Compounding the potential problems, most users don’t understand the possible implications of the changes they make. As if that isn’t enough, not all organizations develop change control policies, much less enforce them.

Imposing change control can prevent many potentially catastrophic problems and when it comes to change control, no one should be above company policies or outside the change control envelope, regardless of their position in the organization.

Understanding your users
To apply change control effectively, you first need to understand your users and the types of tasks they need to perform. With that understanding in mind, you can accommodate their application and operating system needs while still imposing adequate security to protect their systems and the network.

First, classify the users based on the types of tasks they need to perform and the applications they use to accomplish those tasks.

Knowledge workers: These users are typically more skilled than other users in their respective job areas and might be engineers, accountants, designers, developers, and so on. The fact that they are skilled in a particular area doesn’t necessarily equate to computer skill, however. These users typically work from a single computer and work with it most of the day.

Support staff: These users support the efforts of the business in a task-oriented way. They include data entry clerks, order takers, receptionists, assistants, shipping clerks, and so on. While some work from the same computer all day, others might work with one or more computers. Again, skill level in their area of job responsibility doesn’t equate to computer experience or skill level. These users run the gamut from novice to advanced users.

Technical: These are your system administrators and support staff. They typically work from several systems a day, but each probably has his or her own system, whether workstation or notebook. While they have a much higher computer skill level, they also have a higher risk factor because they typically have more latitude and knowledge to make changes.

Management: The company president, vice president, and other such executive staff fall into this category. They often work from notebook systems because they are more often on the go, presenting additional risk for introducing applications and changes to the network.

In addition to classifying users by their job area, you should also take a look at the types of systems they use.
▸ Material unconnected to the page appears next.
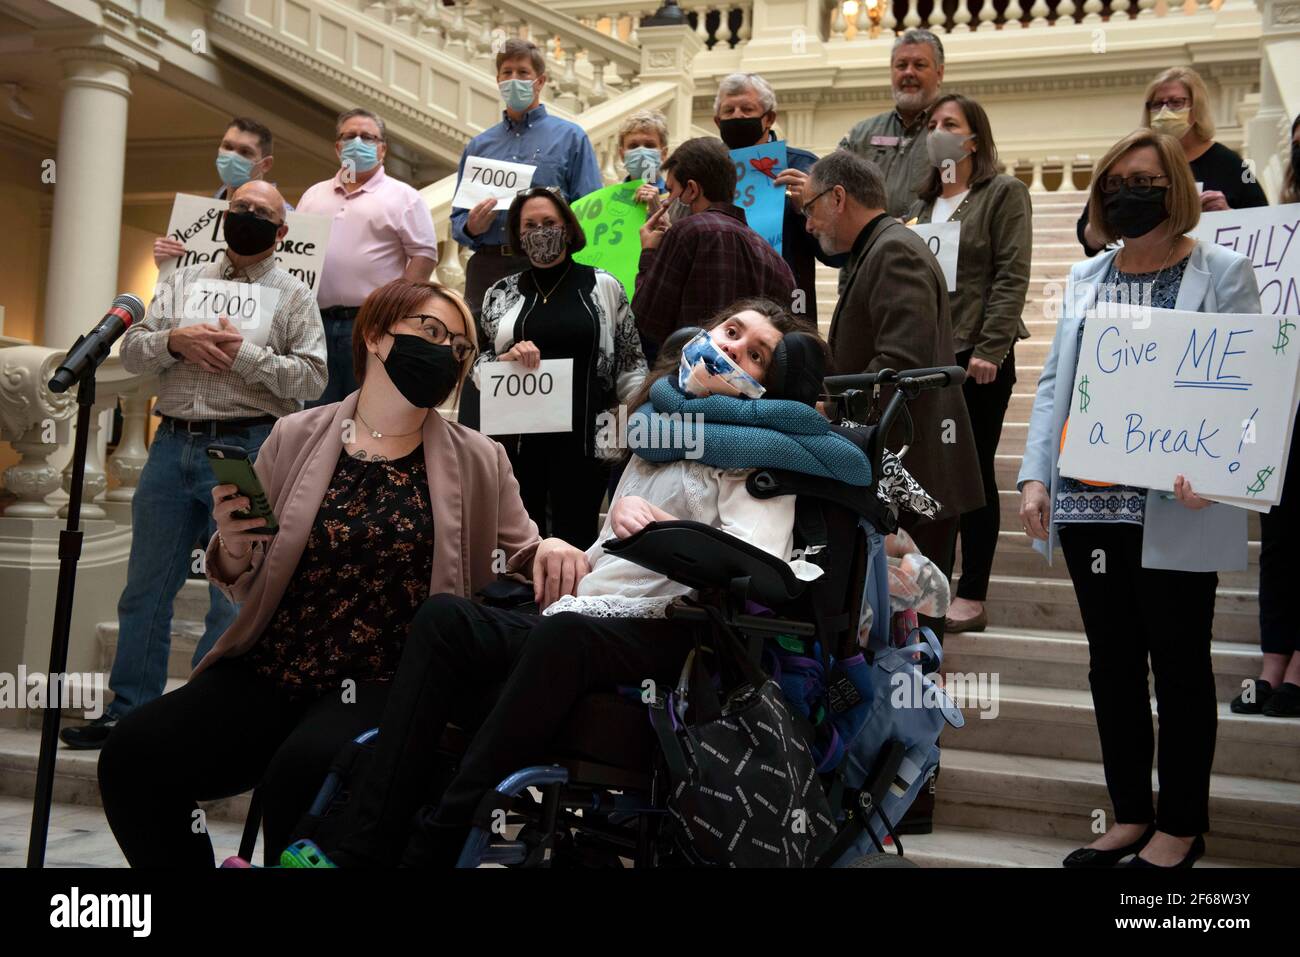 Atlanta, GA, USA. 30th Mar, 2021. Dozens of disability advocates and parents of children with developmental challenges gather for a press conference in GeorgiaÃs statehouse to protest the stateÃs recent budget policy changes that impact 188 medically fragile and vulnerable residents. The new reallocation of funds take effect April 1 and limit the hours available for in-home care. Those cuts increase the possibility of relocation from their homes back into institutionalized care, advocates said. Pictured: Bri James addresses crowd on behalf of her non-verbal sister Callie Moore, one of the 1 Stock Photo

These include:

Fixed workstations. These users work from the same workstation all the time and do not need to take their work with them.

Remote workstations. These users connect to the office network through a dial-up or VPN connection but don’t need a notebook because they work from home or the remote office all the time.
Notebooks and docking stations. These users work both in and out of the office and need to take their systems with them.

Multiuser workstations. These users move from one workstation to another as needed and often don’t have their own user account, but instead use a guest account or whatever account is used to log on to the particular workstation.

Mobile computers. These users work with a notebook computer without a docking station and typically connect to the network via a dial-up connection or remote office.